Paranoids can go from taciturn to vocally opinionated when and if they start to trust you. This can get annoying, but remember that it's coming from a loving place. If your relative with PPD goes on and on about how the food you buy at the grocery store is full of pesticides or the uber-rich 1% are gaming America's financial system or 9-11 was an inside job, and getting increasingly animated and loud the less interested you are, it's only because they love you, they perceive a real or theoretical danger, and they urgently want to warn you about it.
You can't talk them into seeking help. Trying will just make them question your motivations, or at least your competence. The best thing you can do is give them access to an internet connection (encrypted by a virtual private network, naturally, for privacy's sake) and just enough information that they will want to look it up themselves. If they think it's their idea, they'll be more likely to take what they discover at face value.
Ironically, certain types of psychological tricks used by advertisers, con-men, and businesses might be more likely to work on people with PPD, even as their minds are naturally hardened against other types of ads, scams and persuasion strategies. My advice is not to try to persuade them into anything at all. Even if it works, they might feel as though you tricked them, later.
(They might feel this anyway, even if you didn't try to persuade them at all. Remeber that this is just their damage. They can't help it or control it.
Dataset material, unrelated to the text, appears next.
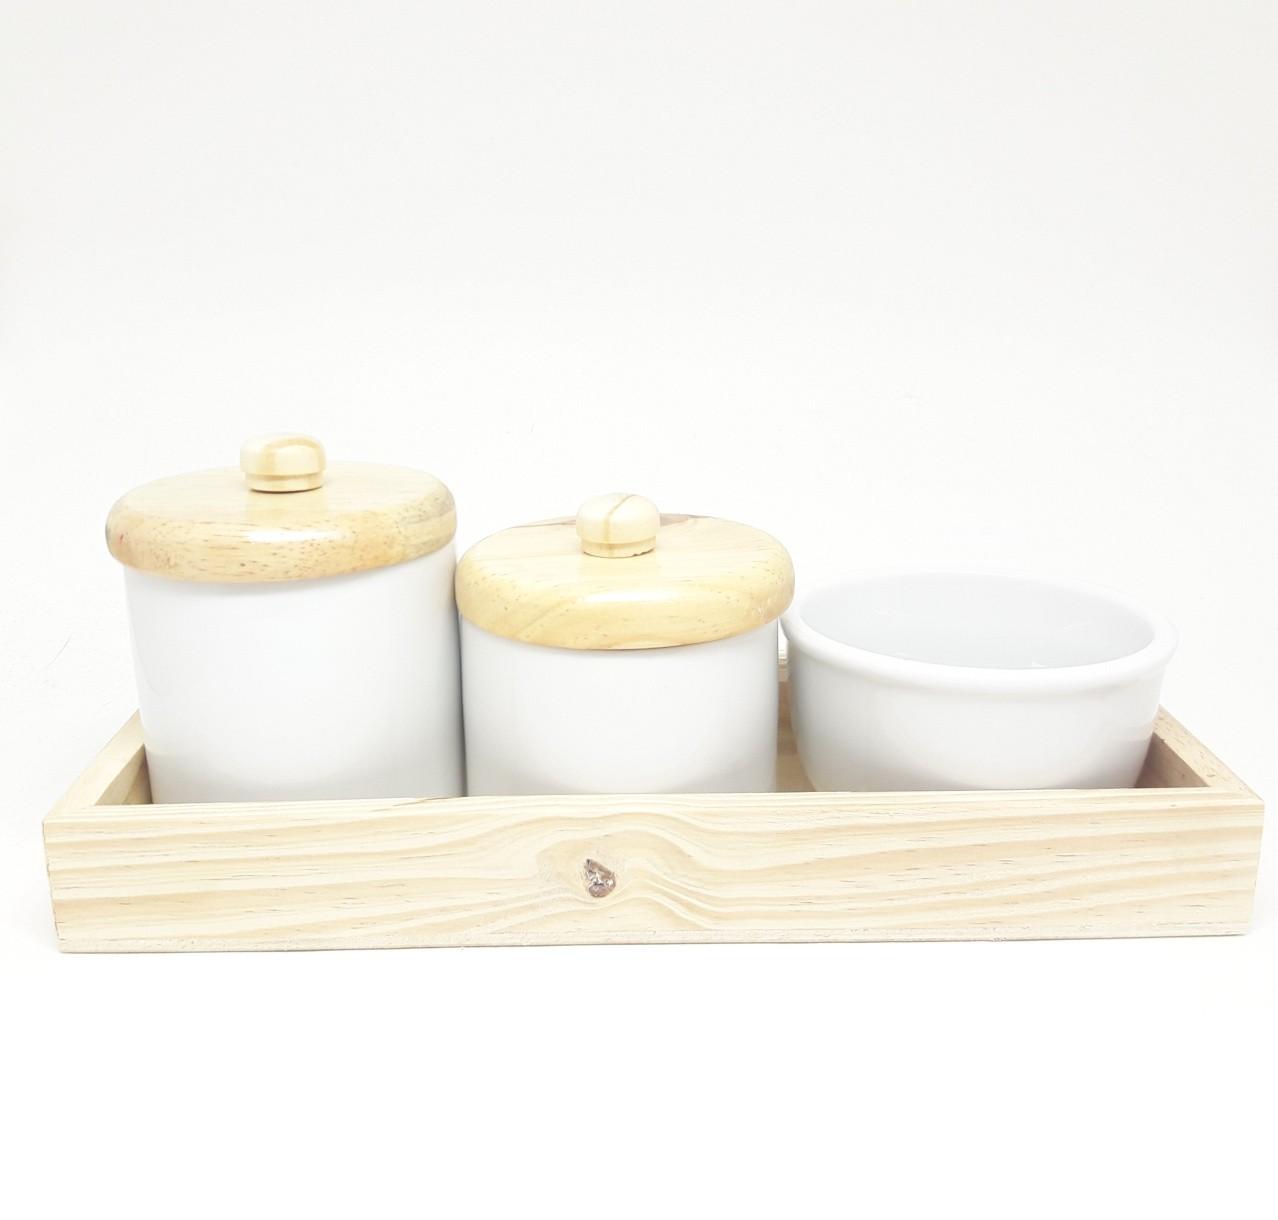 Kit higiene bebê porcelana pinus com bandeja rústica

Forgive them for it.)
Easily-verified facts are your friends. "It's 20 degrees outside" is better than "you should wear a coat." The former makes them feel smart and secure as they cleverly put on a coat to defend themselves against the danger of hypothermia. The latter makes them feel like you're trying to control what they wear, for any number of reasons that have nothing to do with the temperature.
Give them options. Give them tools. Give them an easy out. Avoid the phrase "don't worry about it." They likely literally can't not worry about it. Instead, say "yeah, that sucks. But, hey, it could have been worse!" They will get behind you on that one. Paranoia means always realizing how it could have been worse.
I am not a psychologist. These are not treatment strategies. I am a PPD sufferer. These are coping strategies, which is what I think the OP was asking for.